Sur la gauche, une vitrine rectangulaire retrace l’évolution de la profession à travers les différentes tondeuses et lames de rasoir d’antan qui sont exposées. Fondé le 1er octobre 1970 par Francis Pellegrin, le salon est aujourd’hui un lieu incontournable de la ville. Repris en 1982 par Antonino Valenti, c’est son fils, Vincenzo, qui est actuellement aux commandes de l’affaire familiale. Un savoir faire et une technique transmise de père en fils. « Mon père m’a tout appris. J’ai commencé à venir au salon à 12 ans pour me familiariser avec le matériel. Au début, je m’entraînais à raser sur un ballon de baudruche. L’éclater revenait à couper le client ». Aujourd’hui, la technique est parfaitement assimilée. Barbe courte, longue, de trois jours, le fameux bouc ou encore la barbiche… tout est au menu et permet de satisfaire une clientèle très large.

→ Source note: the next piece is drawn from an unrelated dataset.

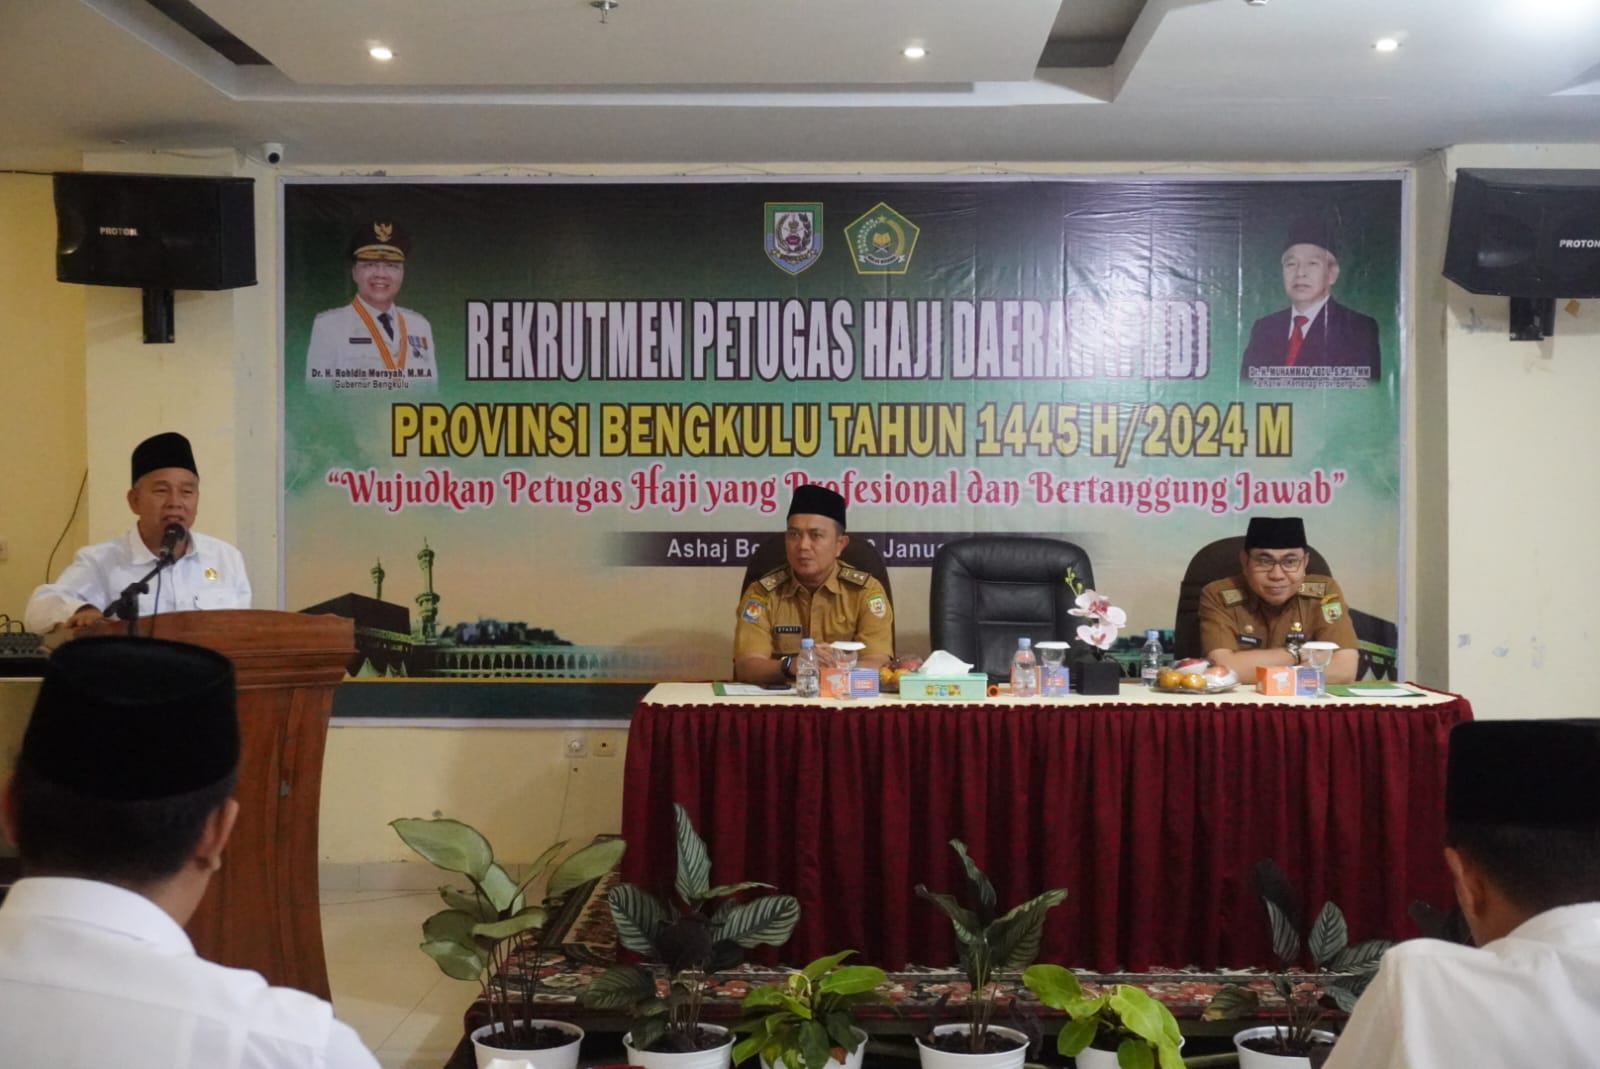 30 Calon Petugas Haji  Daerah (PHD) dari Bengkulu Jalani Tes Akhir

Certains clients viennent de Nice et n’hésitent pas à se rendre régulièrement au salon. (Crédit photo : Tom Ferrero)

Certains clients viennent de Nice et n’hésitent pas à se rendre régulièrement au salon. (Crédit photo : Tom Ferrero)

Une ambiance  conviviale se dégage du  salon. Les passants s’arrêtent régulièrement devant la vitrine et saluent le propriétaire. Ici, on est avant tout un bon ami avant d’être un client. « Je me décris comme un coiffeur de quartier et de proximité. Le contact humain est primordial. Le plus important, c’est d’avoir la reconnaissance des habitants de ta ville. Le client n’est pas qu’un chiffre, c’est avant tout une personne avec qui on échange ». Dans un contexte économique difficile, Vincenzo se singularise également par son optimisme quant à l’avenir de sa ville. « Ce sont nous, les commerçants, qui devons valoriser Grasse et véhiculer une image attractive pour les habitants et les touristes. Il ne faut pas être pessimiste. Je suis persuadé que ça va aller de mieux en mieux ».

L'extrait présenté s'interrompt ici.